Top of Dataset content

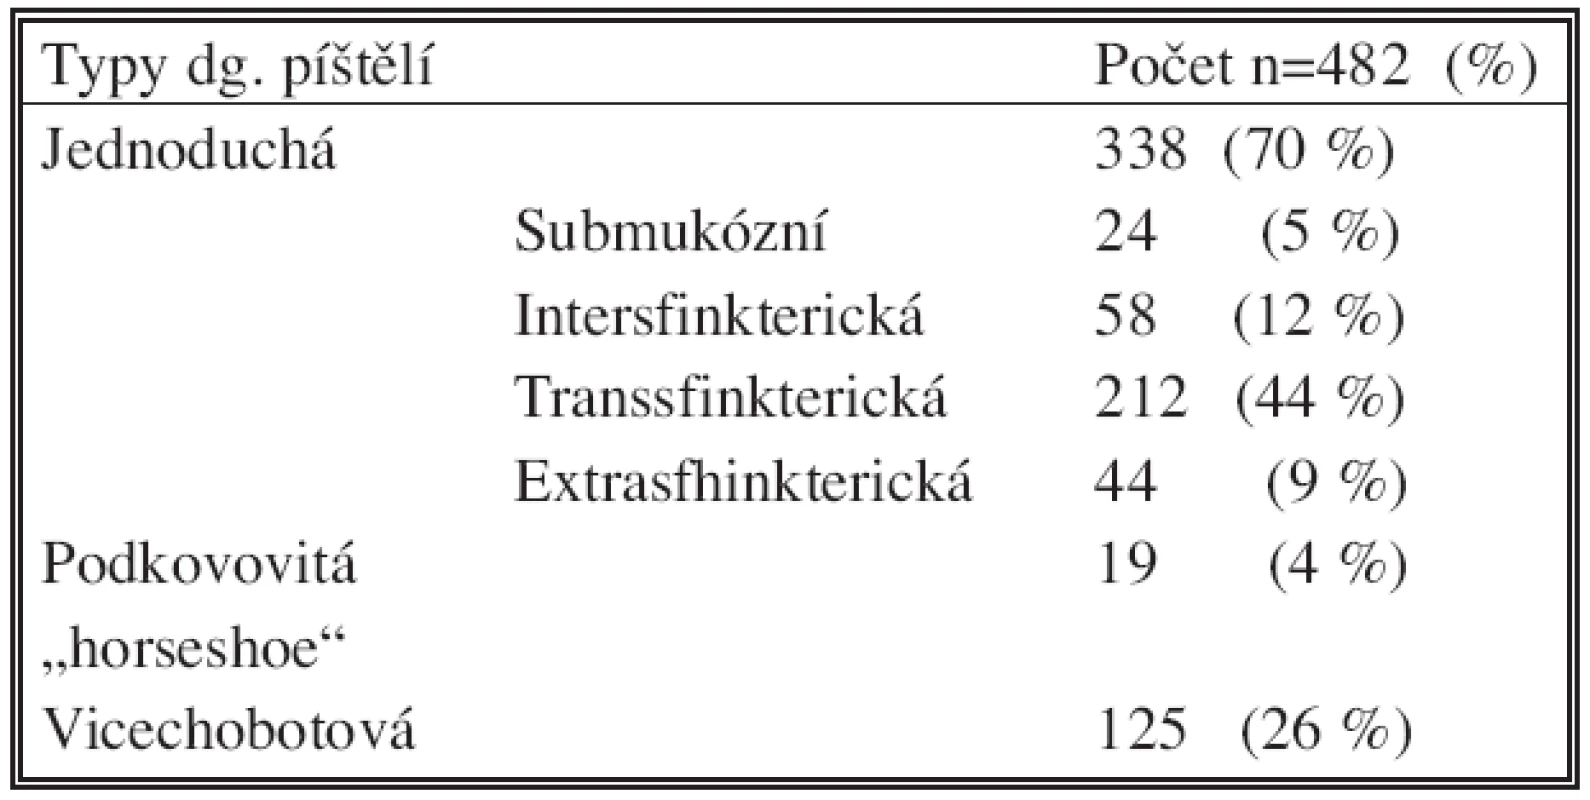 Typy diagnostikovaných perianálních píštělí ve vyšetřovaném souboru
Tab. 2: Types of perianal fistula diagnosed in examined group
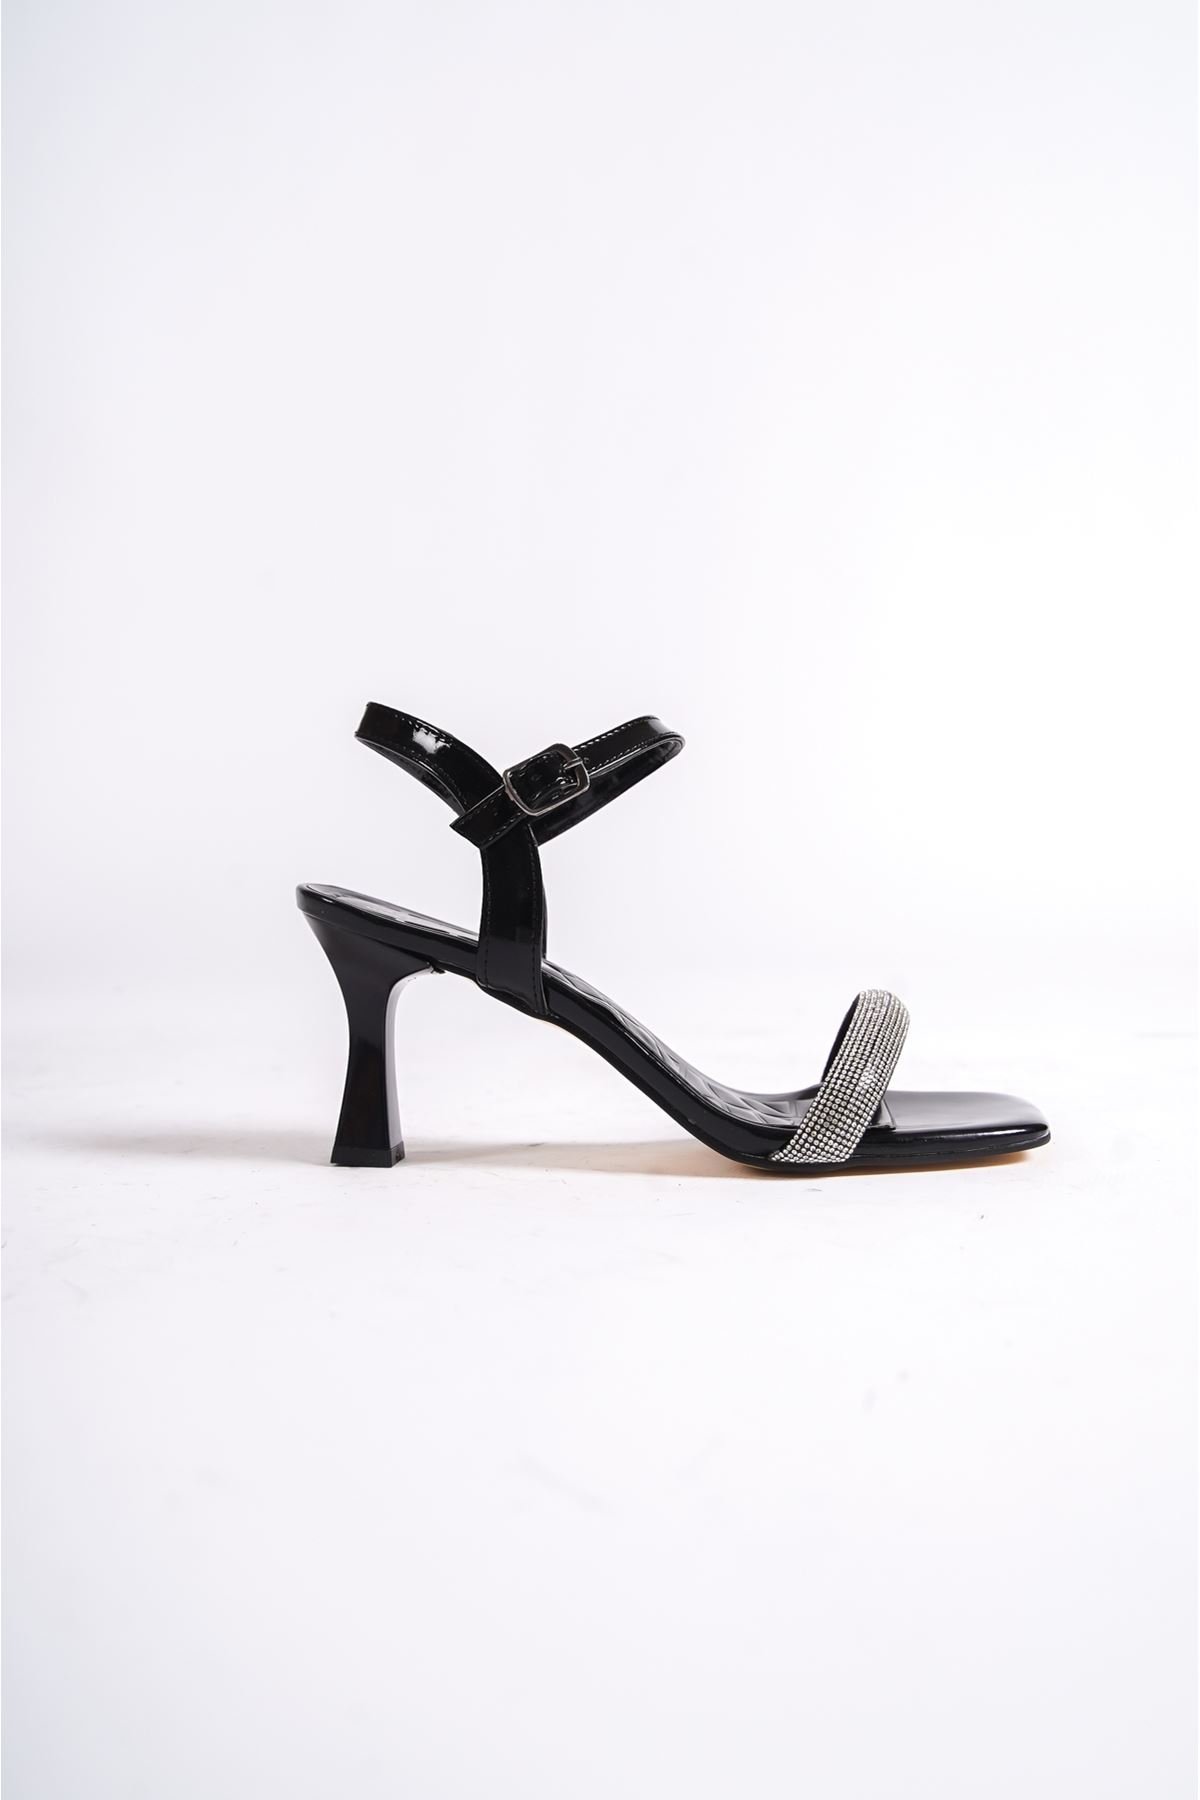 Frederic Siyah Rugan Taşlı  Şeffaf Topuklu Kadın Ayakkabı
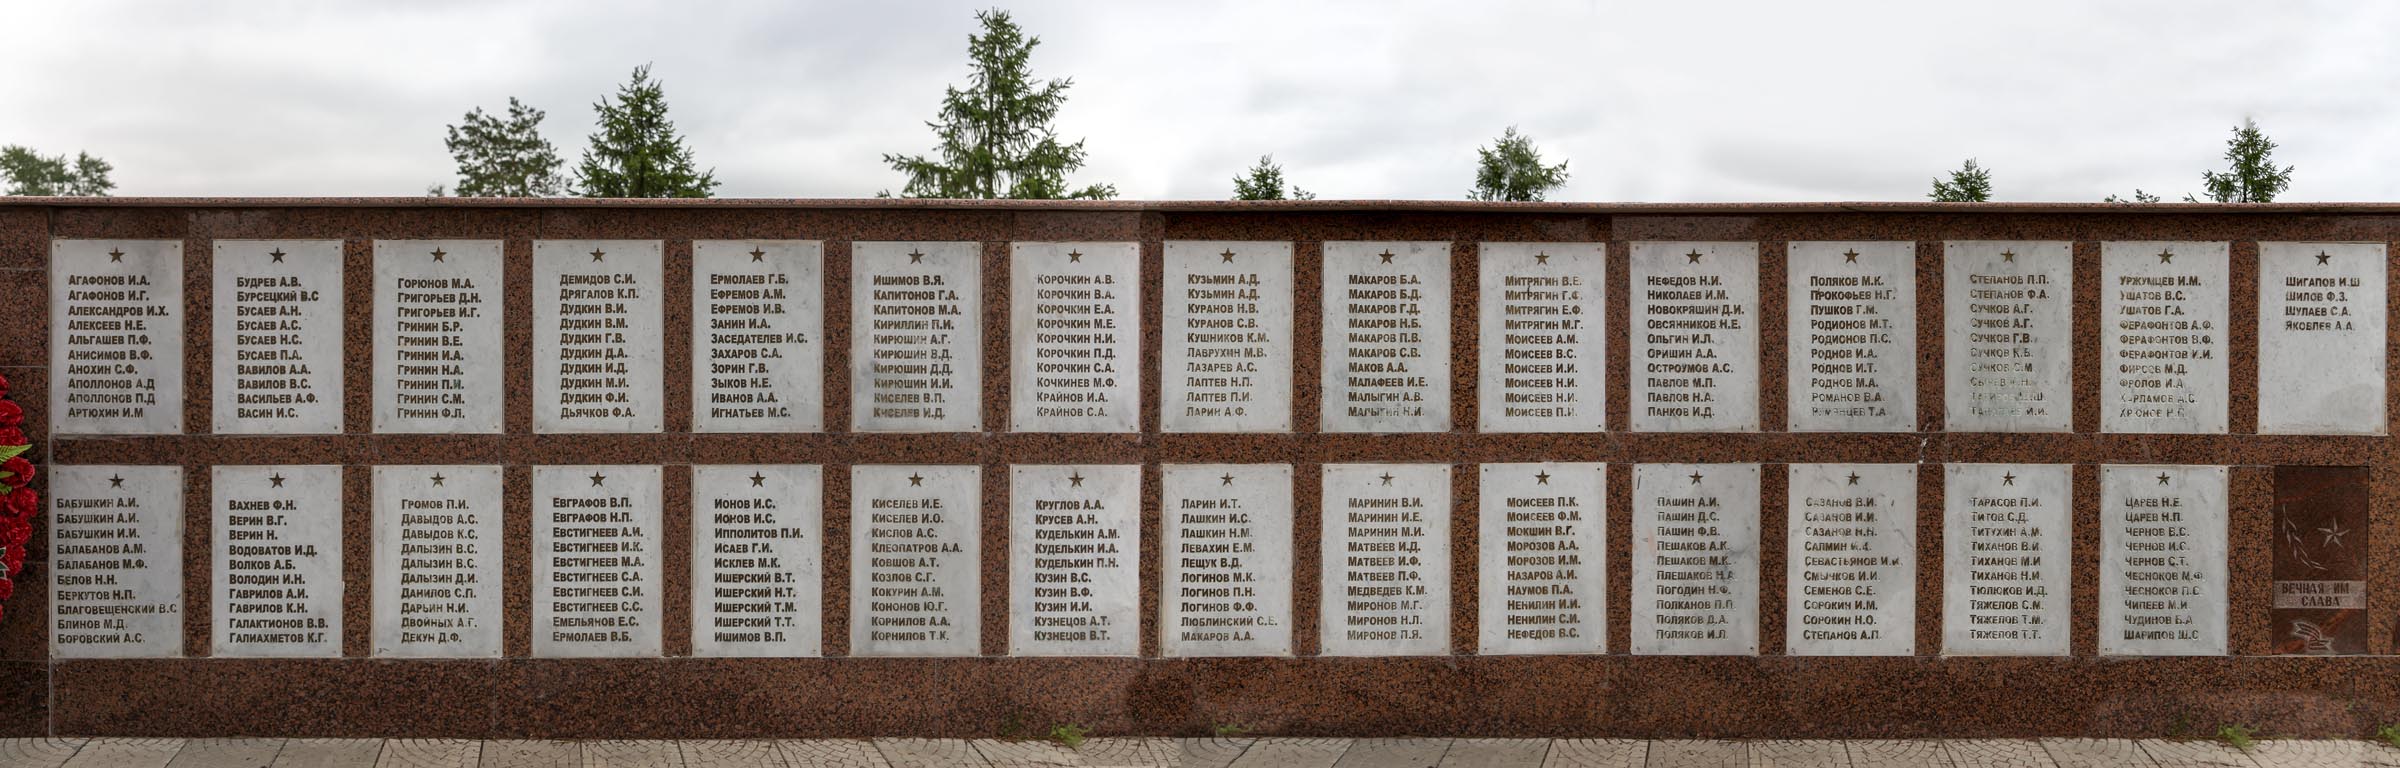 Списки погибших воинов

Bottom of Dataset content

Set down, word for word, the full listing above, and carry over no pictures.

 Typy diagnostikovaných perianálních píštělí ve vyšetřovaném souboru
Tab. 2: Types of perianal fistula diagnosed in examined group
 Frederic Siyah Rugan Taşlı  Şeffaf Topuklu Kadın Ayakkabı
 Списки погибших воинов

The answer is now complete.